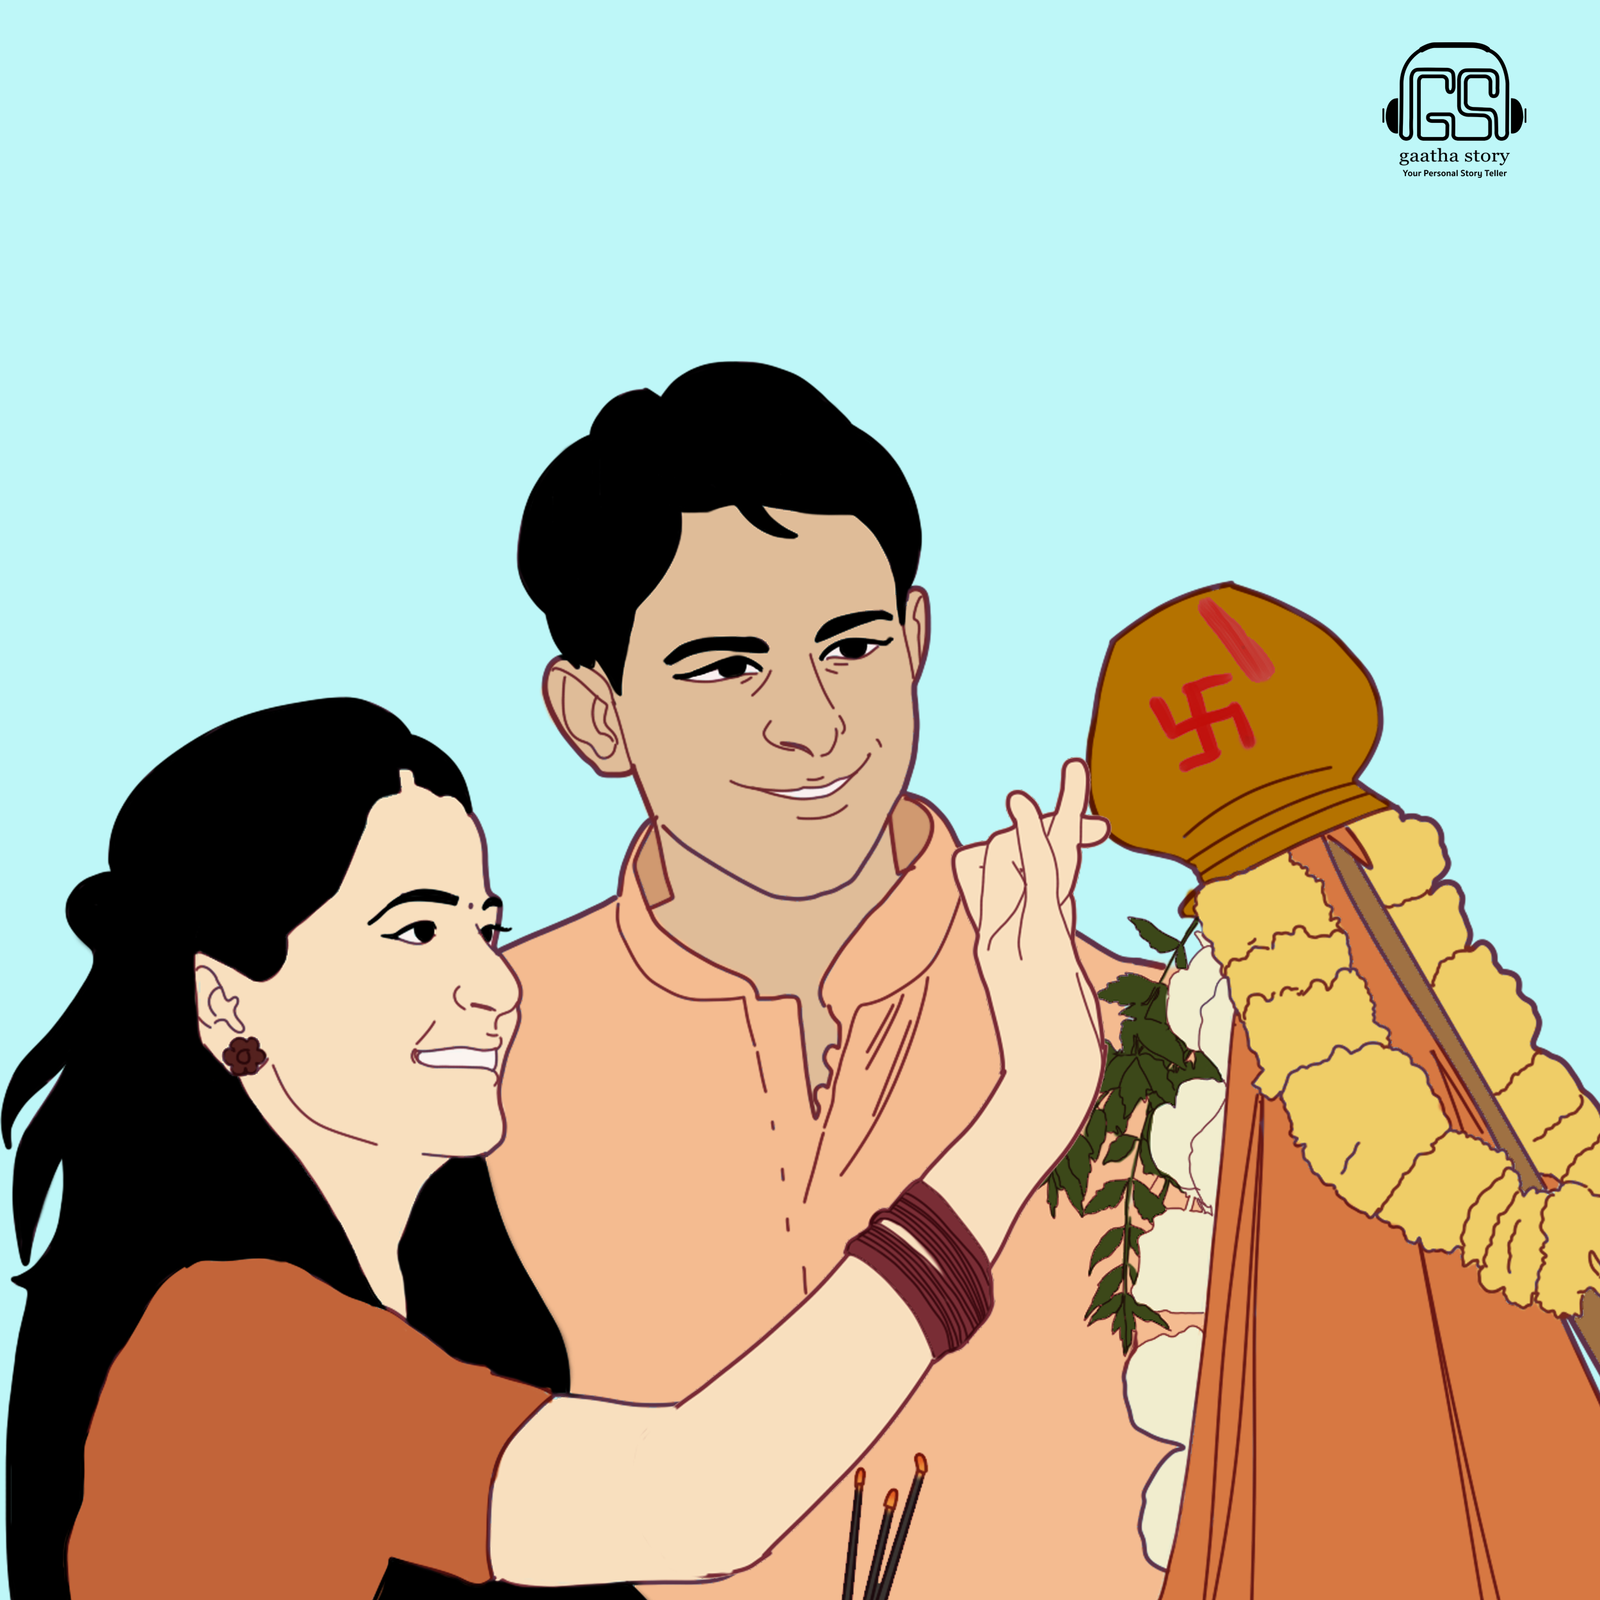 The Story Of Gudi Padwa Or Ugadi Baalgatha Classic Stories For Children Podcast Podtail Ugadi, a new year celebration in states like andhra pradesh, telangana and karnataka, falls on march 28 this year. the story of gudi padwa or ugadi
++++++++++++++++++++
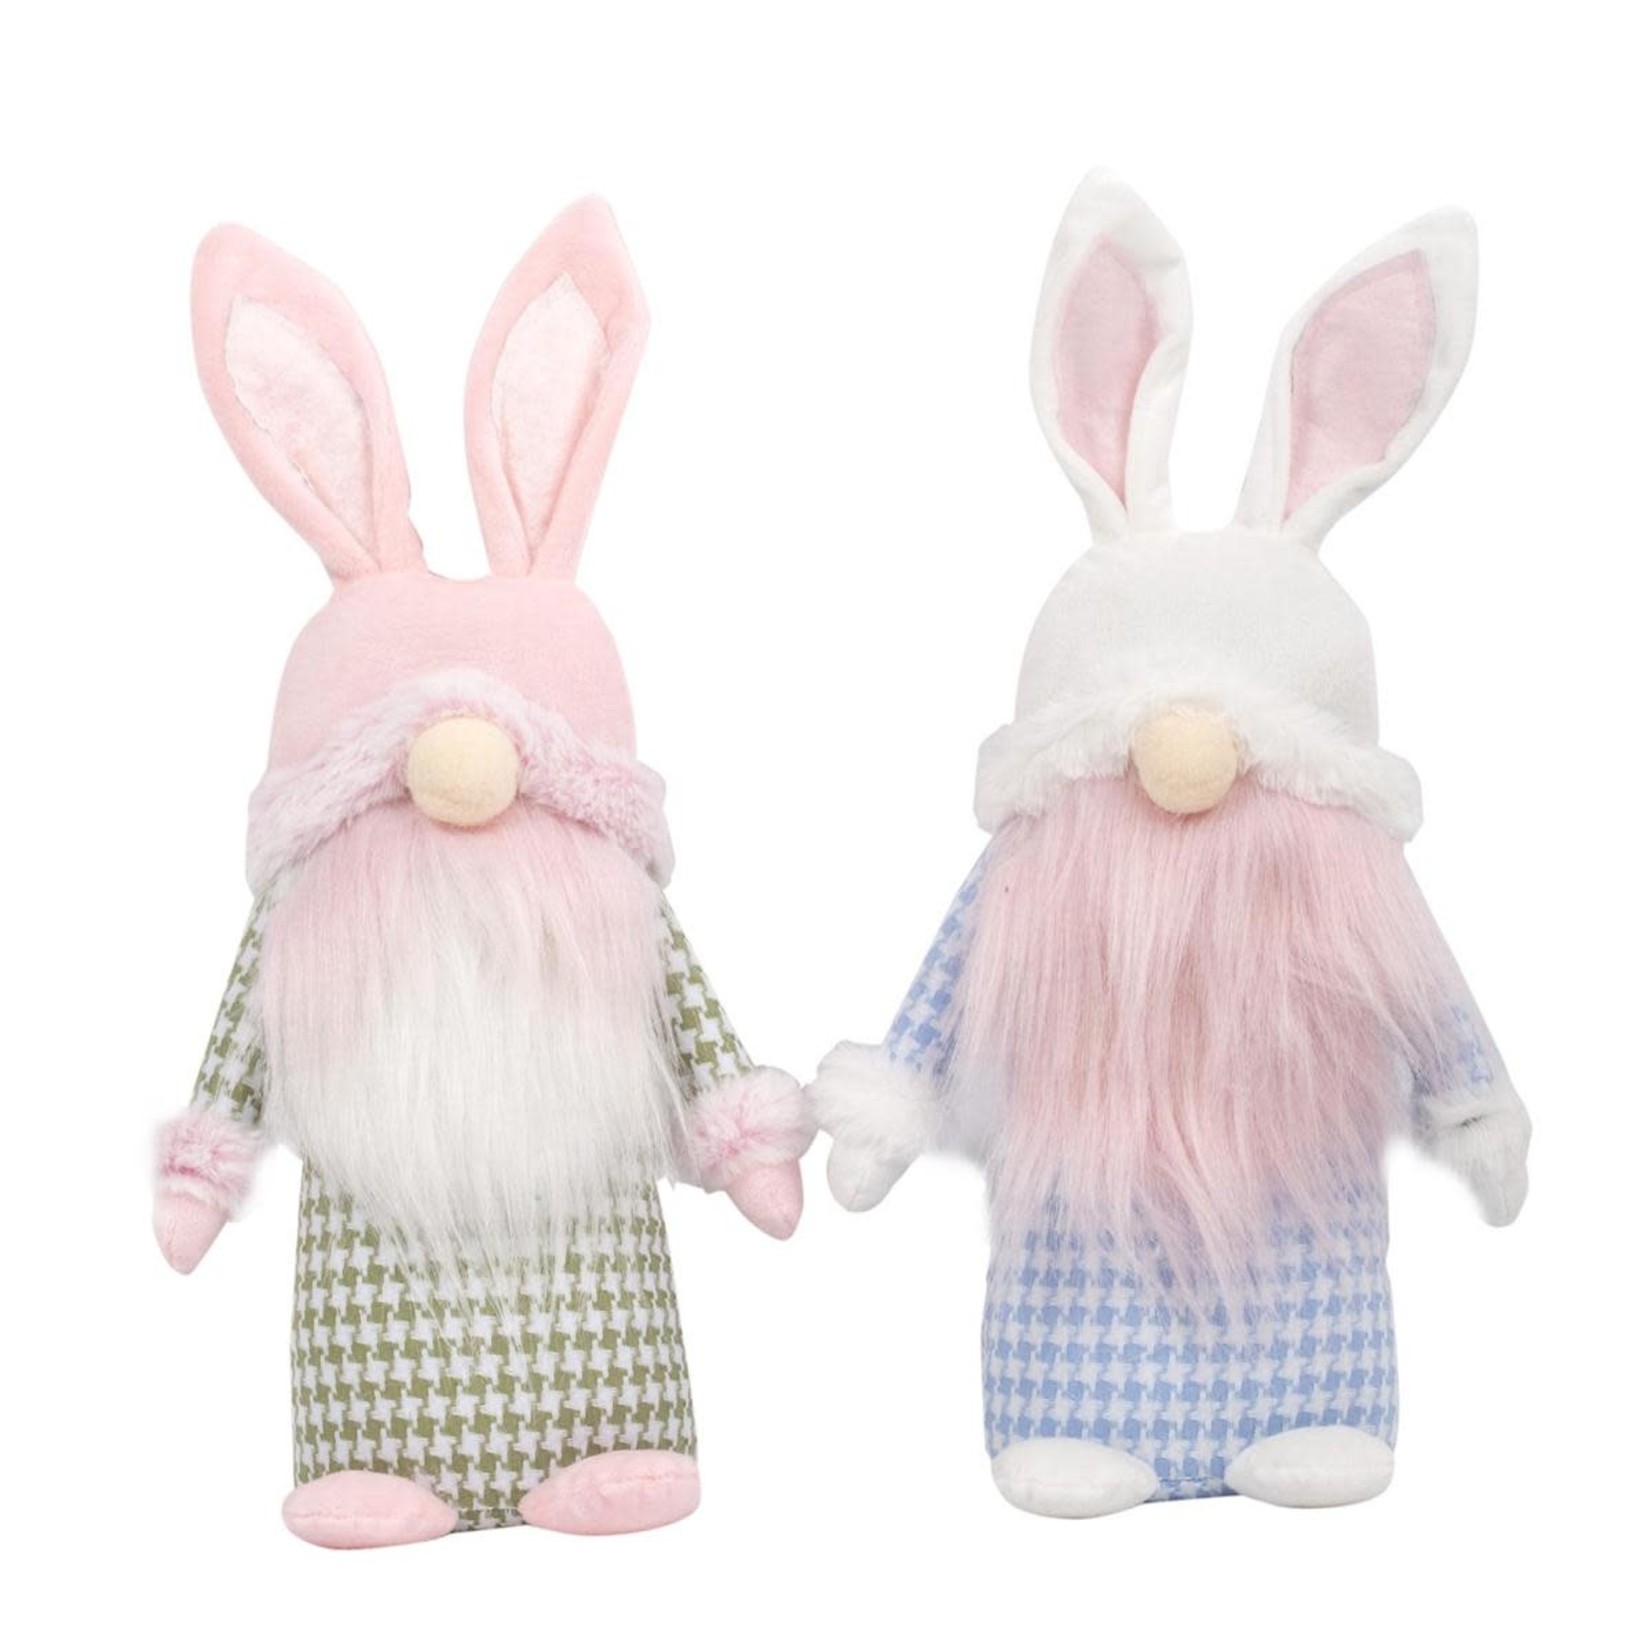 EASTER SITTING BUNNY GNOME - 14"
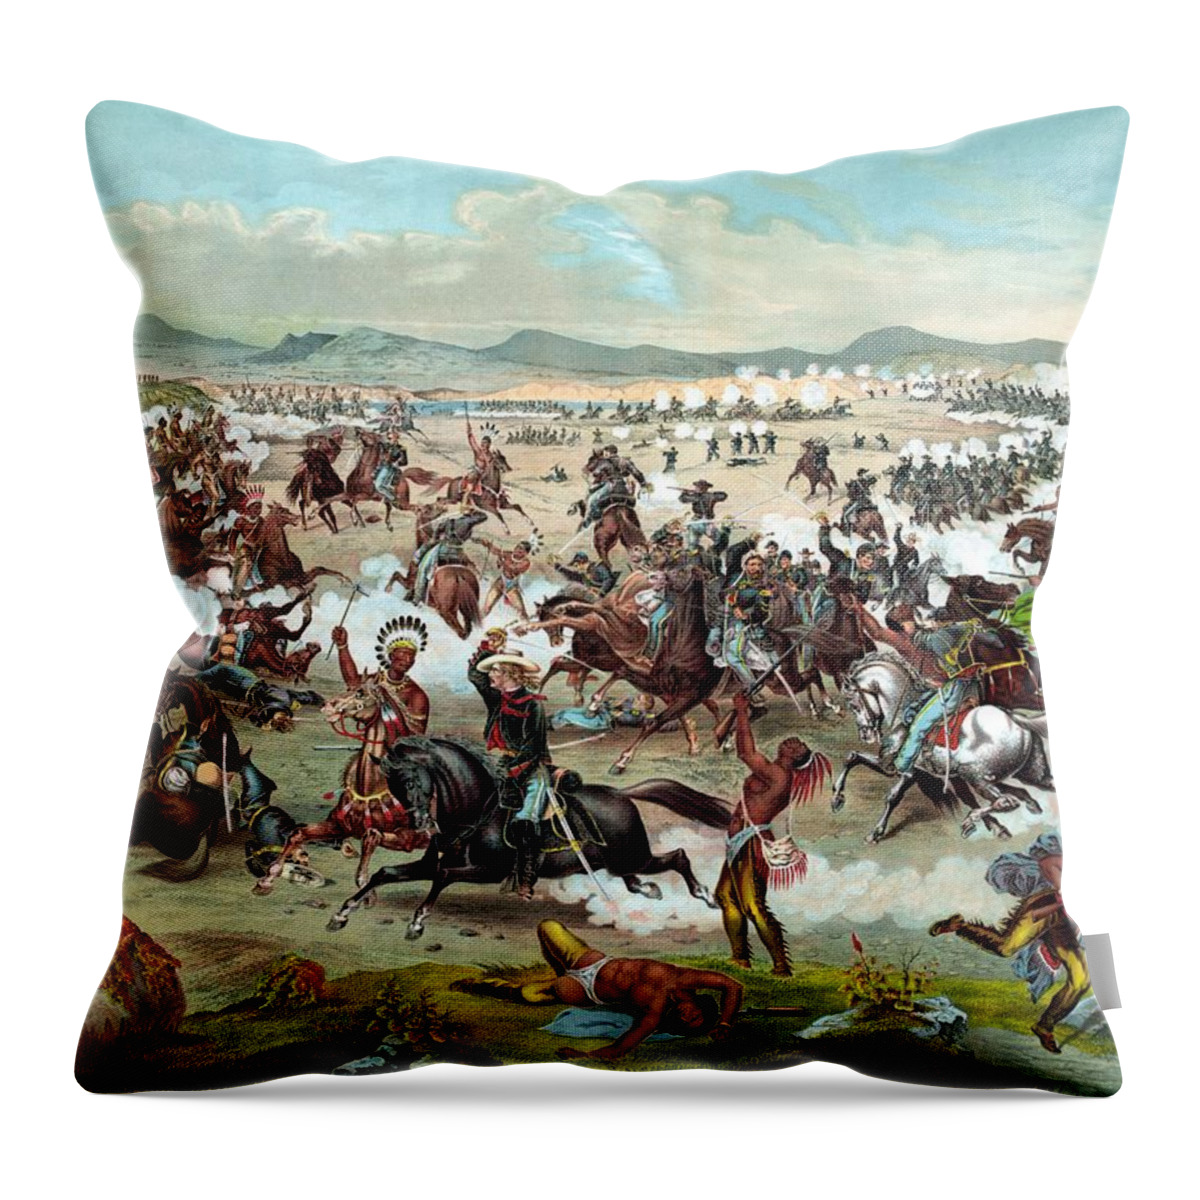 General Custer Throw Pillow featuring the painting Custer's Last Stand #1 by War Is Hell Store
++++++++++++++++++++
## Problem to solve
Whatever pictures the records hold, omit them; give again exactly the lines from the one containing "EASTER SITTING BUNNY" through the one containing "General Custer Throw".

## Result below
 EASTER SITTING BUNNY GNOME - 14"
 General Custer Throw Pillow featuring the painting Custer's Last Stand #1 by War Is Hell Store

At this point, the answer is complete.